The Wright Flyer III is the third powered aircraft by the Wright Brothers, built during the winter of 1904–05. Orville Wright made the first flight with it on June 23, 1905. The Wright Flyer III had an airframe of spruce construction with a wing camber of 1-in-20 as used in 1903, rather than the less effective 1-in-25 used in 1904. The new machine was equipped with the engine and other hardware from the scrapped Flyer II and, after major modifications, achieved much greater performance than Flyers I and II.

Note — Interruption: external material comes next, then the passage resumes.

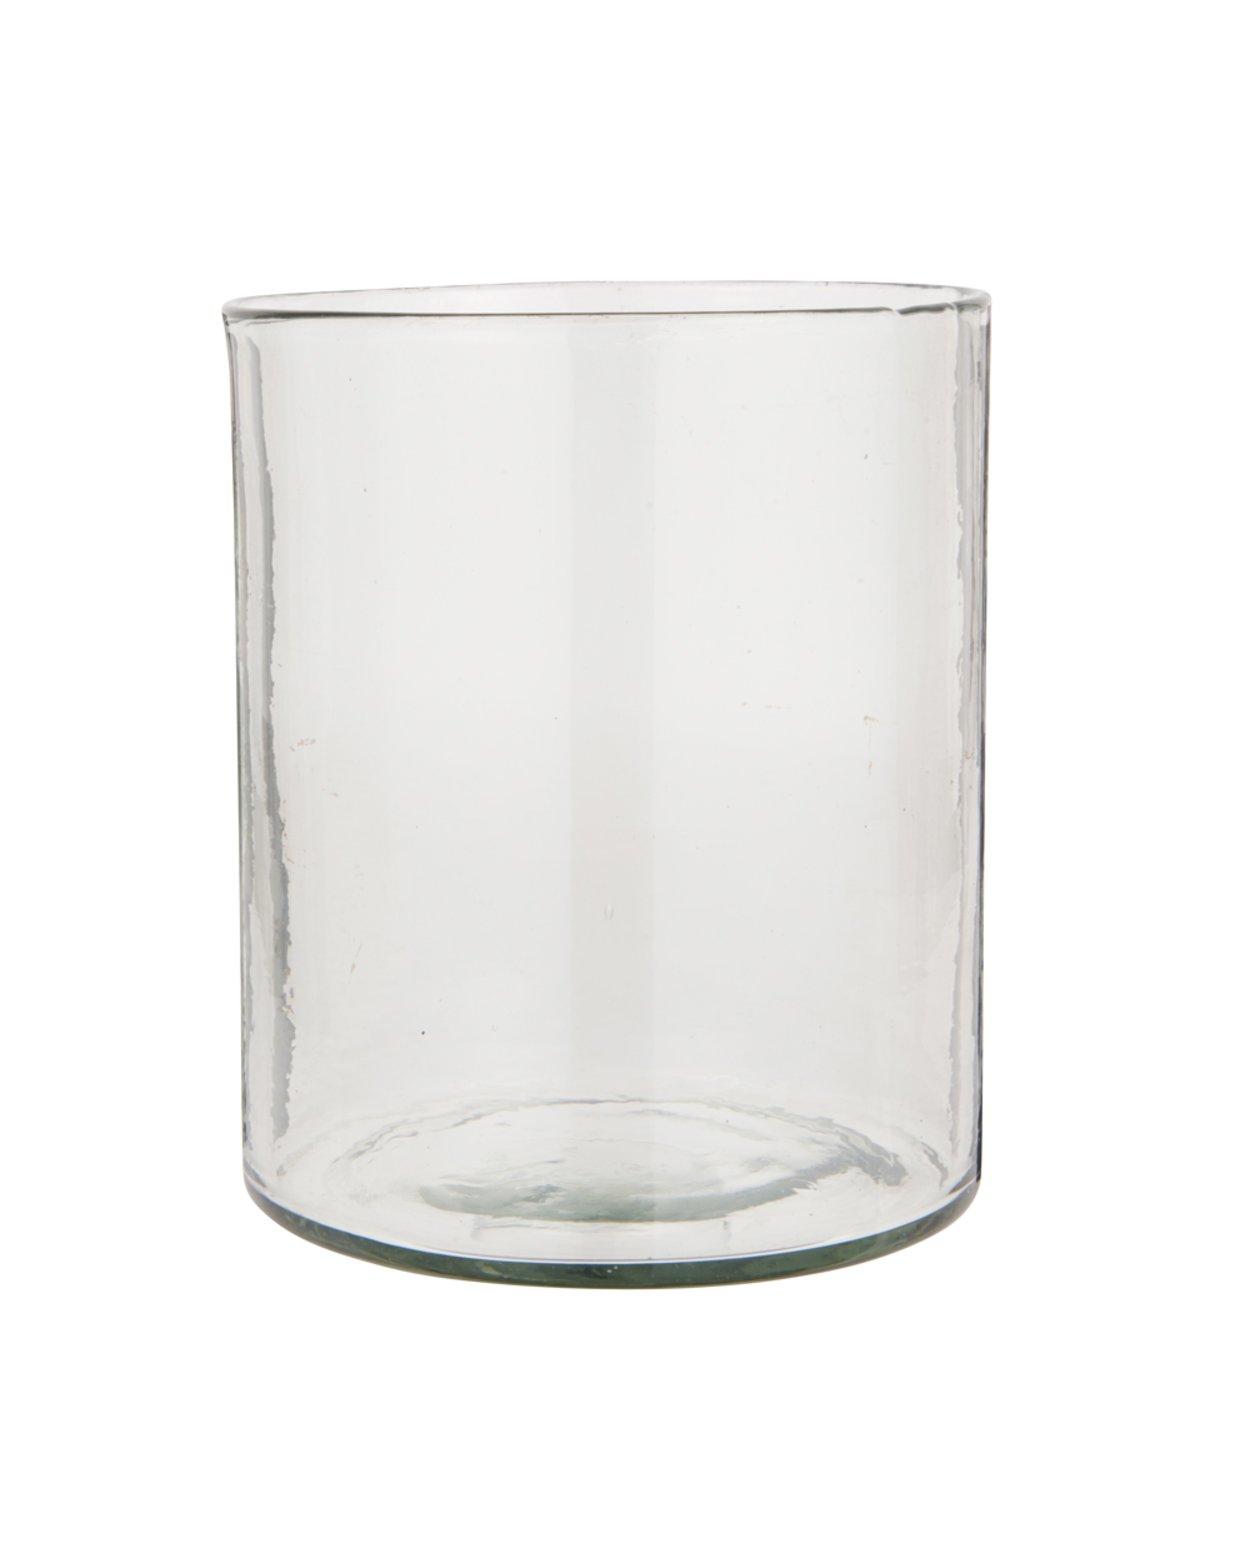 Hurricane Glass Candle Holder - 23cm

==Design and development==
The 1905 flyer was made stronger, more durable, and with a longer tail to provide better directional stability and control. A larger cylinder bore engine provided more power, while a more effective leading edge, and efficient propellers, improved performance. The propeller blades were made longer and thinner, while according to Harry Combs, "...adding a backward sweep to the blades, calculated precisely to avoid the pressures of flight and to keep the blades free from distortion." Other modifications included vertical rather than horizontal cylinders for its 35-horsepower engine.

As initially built, the Flyer III looked almost the same as its predecessors, and offered equally marginal performance. Orville suffered minor injuries in a serious nose-dive crash in the machine on July 14, 1905. When rebuilding the airplane, the Wrights made important design changes that solved the stability problems of the earlier models. They almost doubled the size of the elevator and rudder, and moved them about twice the distance from the wings. They added two fixed half-moon shaped vertical vanes (called "blinkers") between the elevators (but later removed), and widened the skid-undercarriage which helped give the wings a very slight dihedral.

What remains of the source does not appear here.